A generalized hybrid machine learning framework for predicting biohydrogen production via dark fermentation of organic wastes


Mougari N. E., Ghersi D. E., Iachachene F., Largeau J. F., ARICI M.

Bioprocess and Biosystems Engineering, 2025 (SCI-Expanded, Scopus) identifier identifier identifier

  • Yayın Türü: Makale / Tam Makale
  • Basım Tarihi: 2025
  • Doi Numarası: 10.1007/s00449-025-03255-w
  • Dergi Adı: Bioprocess and Biosystems Engineering
  • Derginin Tarandığı İndeksler: Science Citation Index Expanded (SCI-EXPANDED), Scopus, BIOSIS, Chemical Abstracts Core, Compendex, EMBASE, MEDLINE
  • Anahtar Kelimeler: Artificial neural network, Bayesian optimization, Biohydrogen production, Dark fermentation, Kinetic modeling
  • Kocaeli Üniversitesi Adresli: Evet

Özet

The rising global demand for sustainable energy has directed significant attention towards biohydrogen production via dark fermentation of organic wastes.
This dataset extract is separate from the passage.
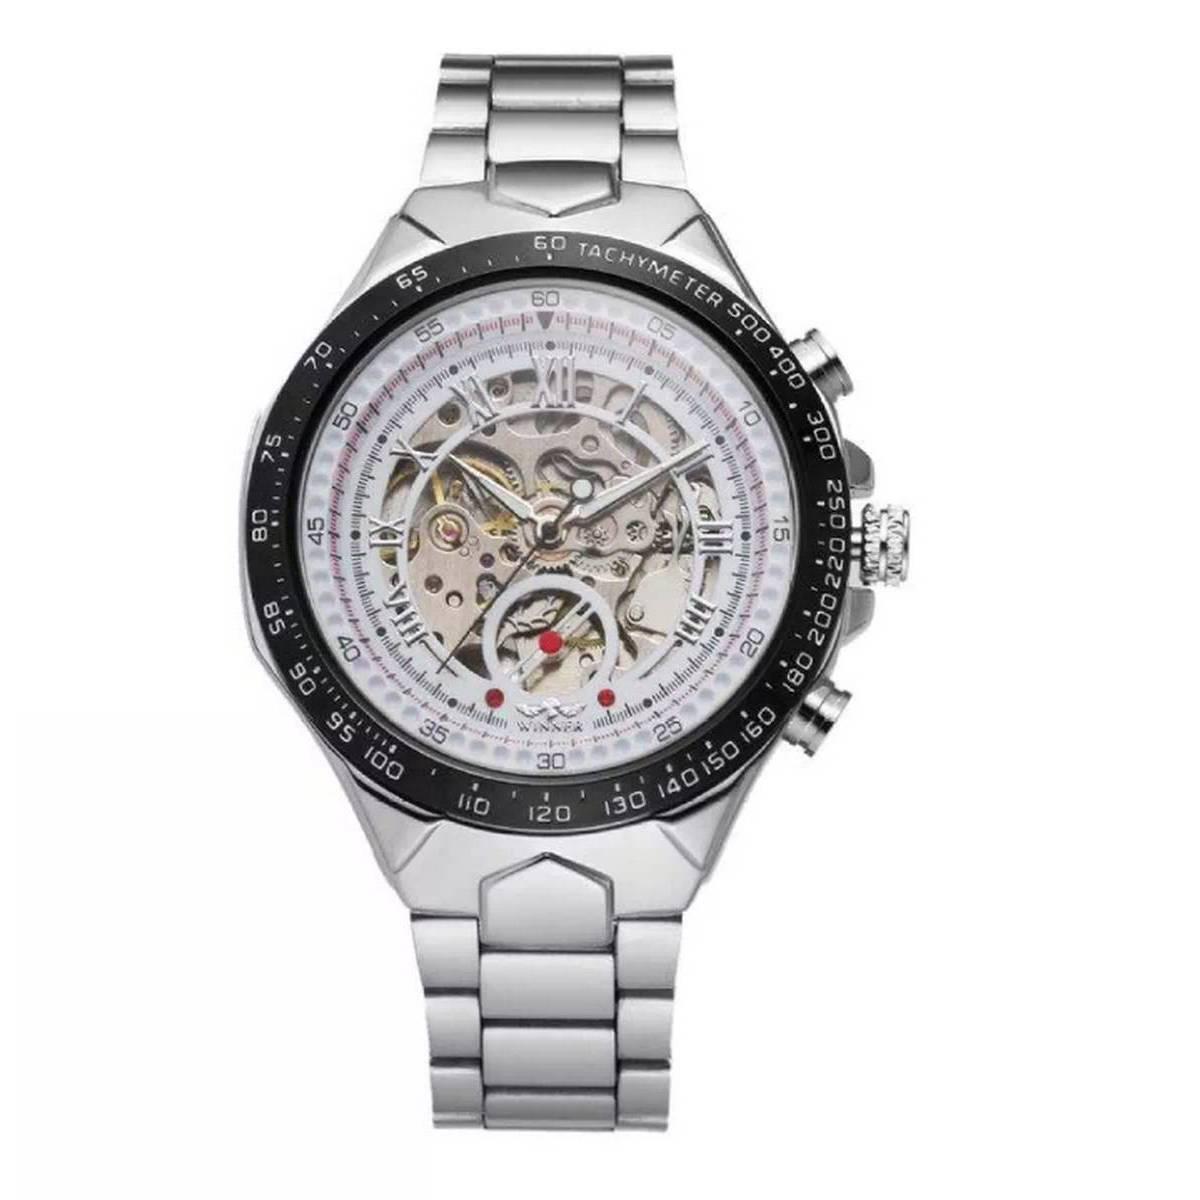 Winner Automatic Skeleton  Mechanical Watches Men's Golden Luxury Stainless Steel Wrist Watch for Men
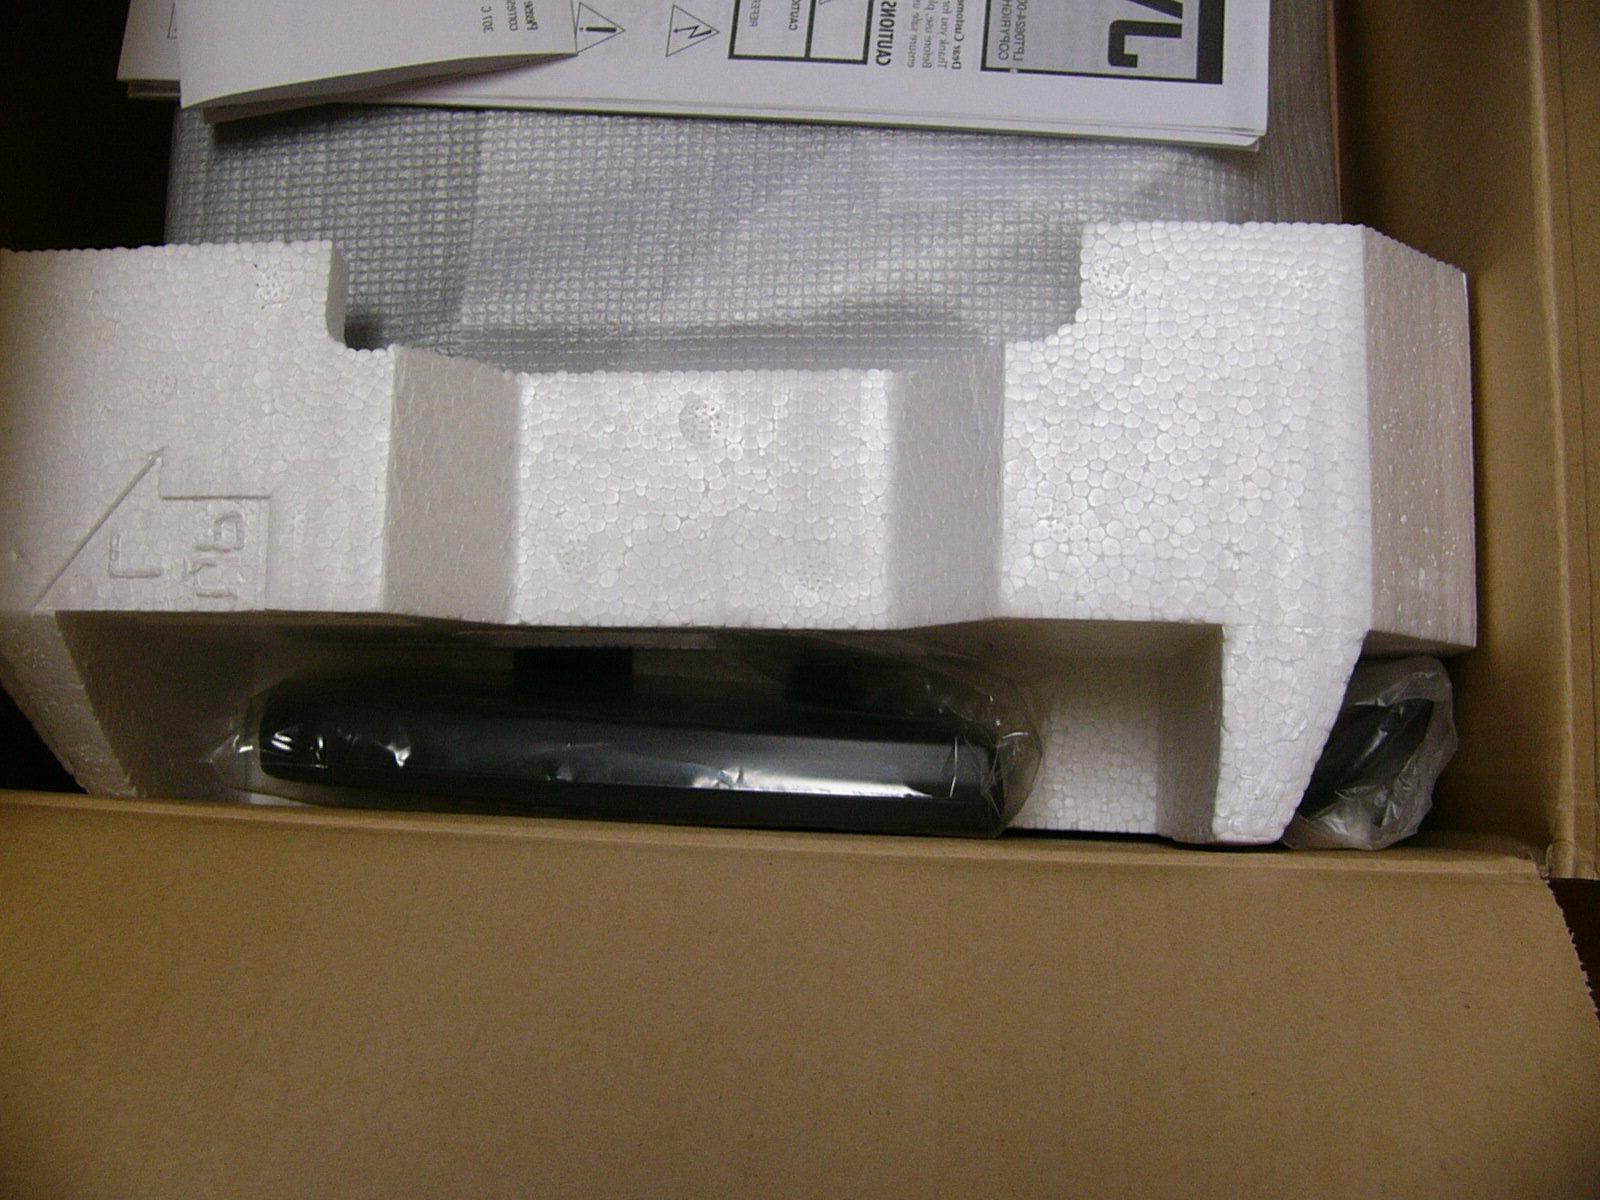 NEW JVC HR-J691U S-VHS Player 4 Fi Stereo Video Cassette Recorder

Accurate yield prediction is crucial for optimizing process conditions and enhancing overall process. This study aims to develop a robust and interpretable predictive framework that integrates kinetic modeling with a hybrid Bayesian Optimization–Artificial Neural Network (BO–ANN) approach for precise biohydrogen yield prediction. The core novelty lies in representing each substrate not as a simple category, but by its quantitative kinetic parameters from the Modified Gompertz equation, providing a biologically meaningful input. A comprehensive database compiled from the literature incorporates key process variables, including temperature, pH, residence time, and substrate concentration, along with kinetic parameters from the Modified Gompertz equation characterizing each substrate. The BO algorithm was employed to optimize the ANN architecture, and 5-fold cross-validation was used to evaluate model generalization ability. The proposed hybrid model achieved outstanding predictive performance (R² = 0.9980, RMSE = 0.0117, MAE = 0.0062), confirming its accuracy and robustness. Furthermore, SHAP analysis and correlation metrics provided interpretable insights into feature contributions, particularly the relevance of kinetic descriptors. Overall, the proposed BO–ANN framework offers a scalable, interpretable, and biologically grounded tool to improve predictive accuracy and support the design of more efficient and sustainable biohydrogen production systems.